Masters Countdown: How Augusta National Almost Built a Golf Hall of Fame

Bobby Jones, 1941 Masters.

Bobby Jones, 1941 Masters.

The National Baseball Hall of Fame and Museum opened in Cooperstown, New York, on June 12, 1939, and the Professional Golfers Association responded by inducting several legendary golfers, among them Bobby Jones, into its own hall. But the P.G.A.’s hall as yet had neither a building nor a plan for one.

Clifford Roberts, who was Augusta National’s chairman and co-founder, embraced the idea and suggested several sites on the club’s property. His favorite, initially, was an elevated six-acre parcel roughly two hundred fifty yards to the east of the tenth green. This was one of the building lots that the club had been trying to sell for a decade. Among the advantages of the site, Roberts wrote to Jones, was that visitors to the hall “would have four good views of the course instead of one.” He also liked the idea that “members using the golf course would have a good view of an attractive building”—though from a distance.

1932 Augusta National real-estate development plan, prepared for the club by Olmsted Bros.

1932 Augusta National real-estate development plan, prepared for the club by Olmsted Bros. Roberts’s initial choice for a hall of fame site was on the east side of the property, to the east of the modern eleventh tee–in the green stuff on the map above.

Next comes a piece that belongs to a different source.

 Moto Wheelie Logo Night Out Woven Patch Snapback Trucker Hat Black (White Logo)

Roberts was especially concerned that golf’s hall of fame should be more compelling than baseball’s. A few days after the 1941 Masters, he wrote a lengthy letter to Olmsted Bros.—the club’s landscape architects at that time—in which he described a number of features that he thought ought to be included. “The more I think about it,” he wrote, “the more I feel that a building that houses a few plaques or a few bronze busts and that offers nothing else to the public, would prove to be a dull, worthless type of project, having no excuse for its existence except to attempt to glorify the leaders of golf. And I doubt that very much would be added to their fame.” One wing of the building, he continued, could contain “automatic movie machines,” which, for a quarter, would show instructional films by the game’s great teachers. Another wing could serve as both a comprehensive library and a bookstore. Visitors would be able to buy souvenir booklets, postcards depicting the Augusta National course, and “popular-priced copies” of some of the books in the library.

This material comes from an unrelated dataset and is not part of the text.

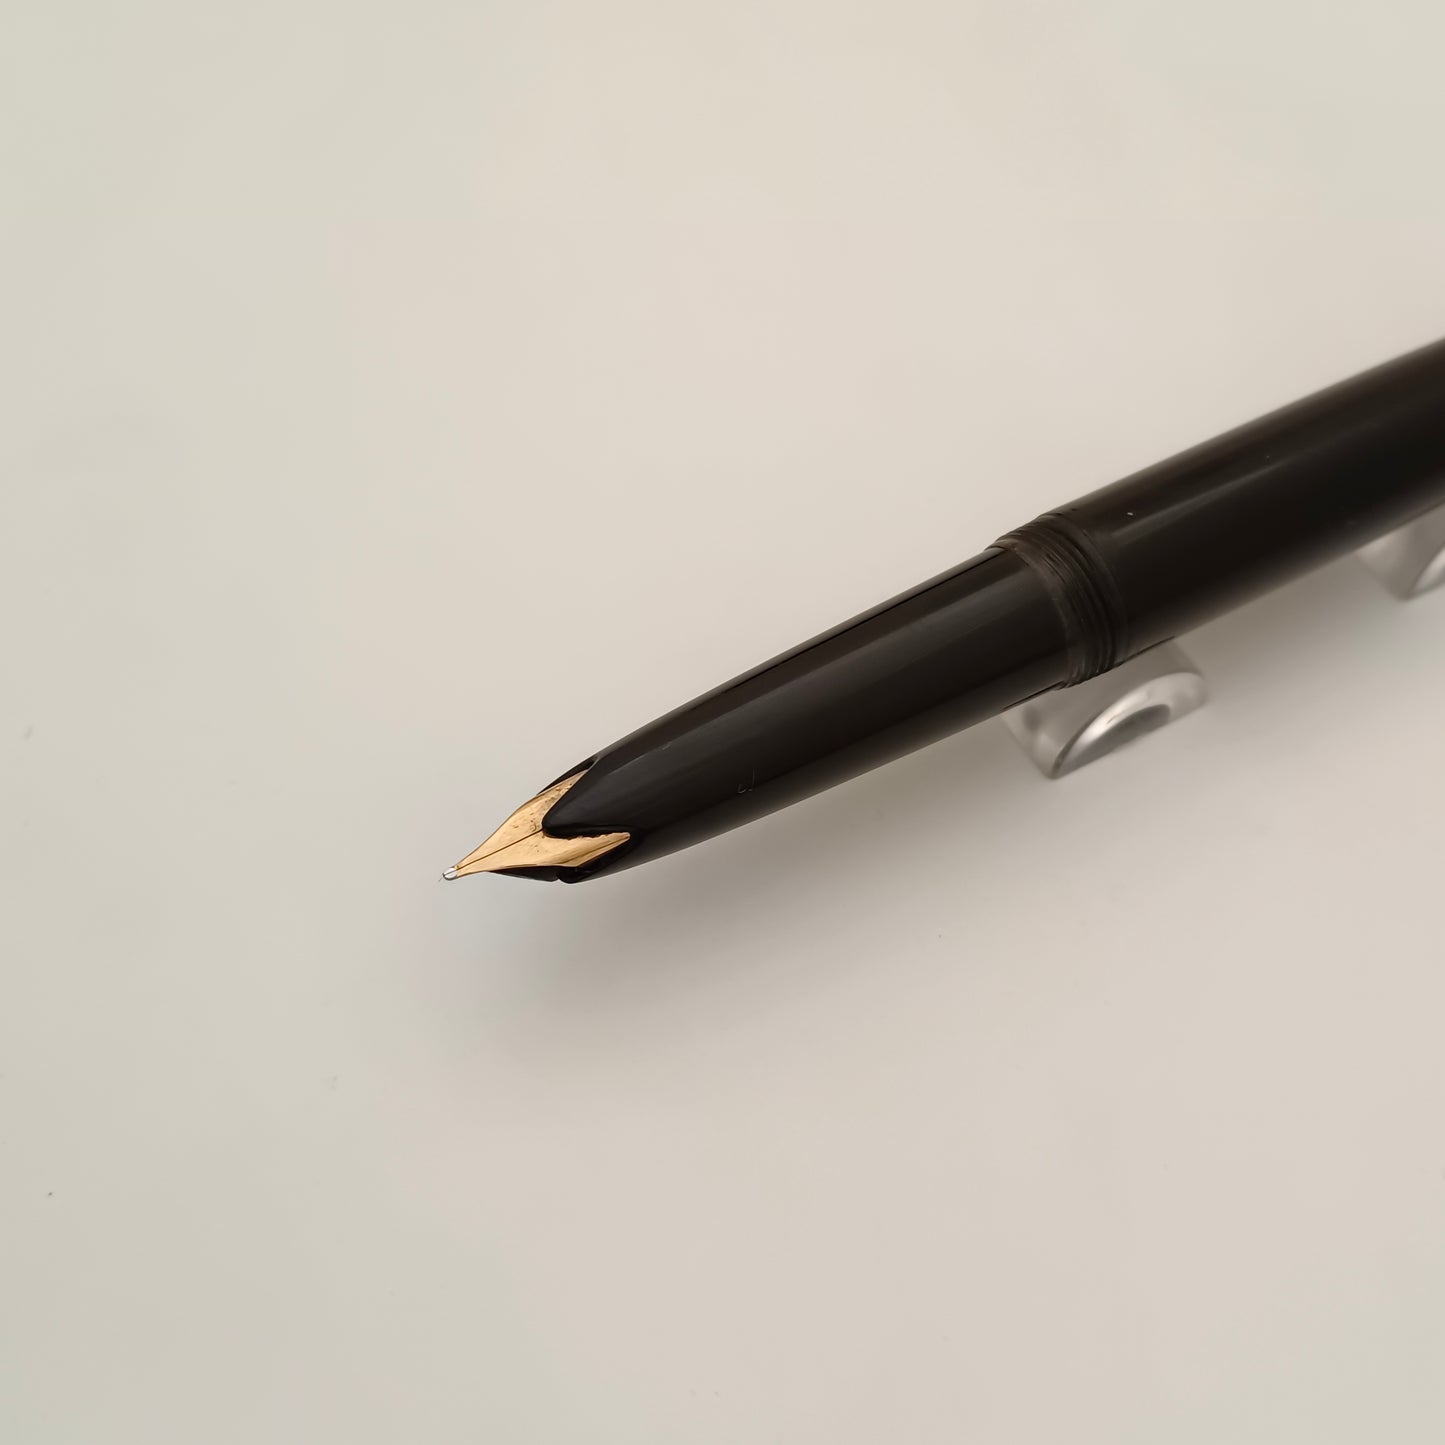 Vintage Montblanc No. 32 Black Fountain Pen (1970s)

Roberts’s boldest suggestion was to construct “a miniature Augusta National course surrounding the Hall of Fame which would be a practical pitch and putt course and could be made a most attractive part of the landscaping scheme.” The holes would be scaled-down replicas of the holes on the big course. He proposed a fee of twenty-five cents per round. He also suggested building an “especially attractive” public driving range based on a plan that Jones had come across and thought highly of.

Despite Roberts’s enthusiasm, the project never came to anything, and there was no further discussion of building a miniature Augusta National. The two members that Roberts had been counting to pay for the project lost interest in it, and the club was not in a financial position to follow through on its own. And then news from Europe and the Pacific made other concerns more pressing.

3 thoughts on “Masters Countdown: How Augusta National Almost Built a Golf Hall of Fame

  1. Maybe someone ought to have a legit hall of fame for golf with a set criteria of X amount of majors and Y amount of wins to qualify.

    • MacKenzie initially wanted to supplement the main golf course with what he called an “approach and putt” course — a nine-hole short course, which could be played with short irons and a putter. The course was to be four hundred to five hundred yards long. “There is, as far as I know, no interesting approach and putt course in America,” MacKenzie wrote in 1932 in a letter to Wendell Miller, the engineer who was then in the process of building the big course. “A really good one requires as much thought and planning as a full course. All those I have seen are terrible. I am just constructing one here [near San Francisco] which I hope will be most fascinating.” Roberts shared MacKenzie’s enthusiasm for the idea, but Jones was skeptical. After walking the proposed site with an engineer late in 1932, Jones asked that the short course not be included on the site plan but that the area instead be labeled “Reserved for Park.” The plan died, not only because of Jones’s lack of interest, but also because there was no money to pay for it. Still, in 1933, MacKenzie drew plans for an eighteen-hole, 2,460-yard short course. (The longest hole was to have been one hundred and ninety yards; the shortest was to have been sixty.) It was never built, either.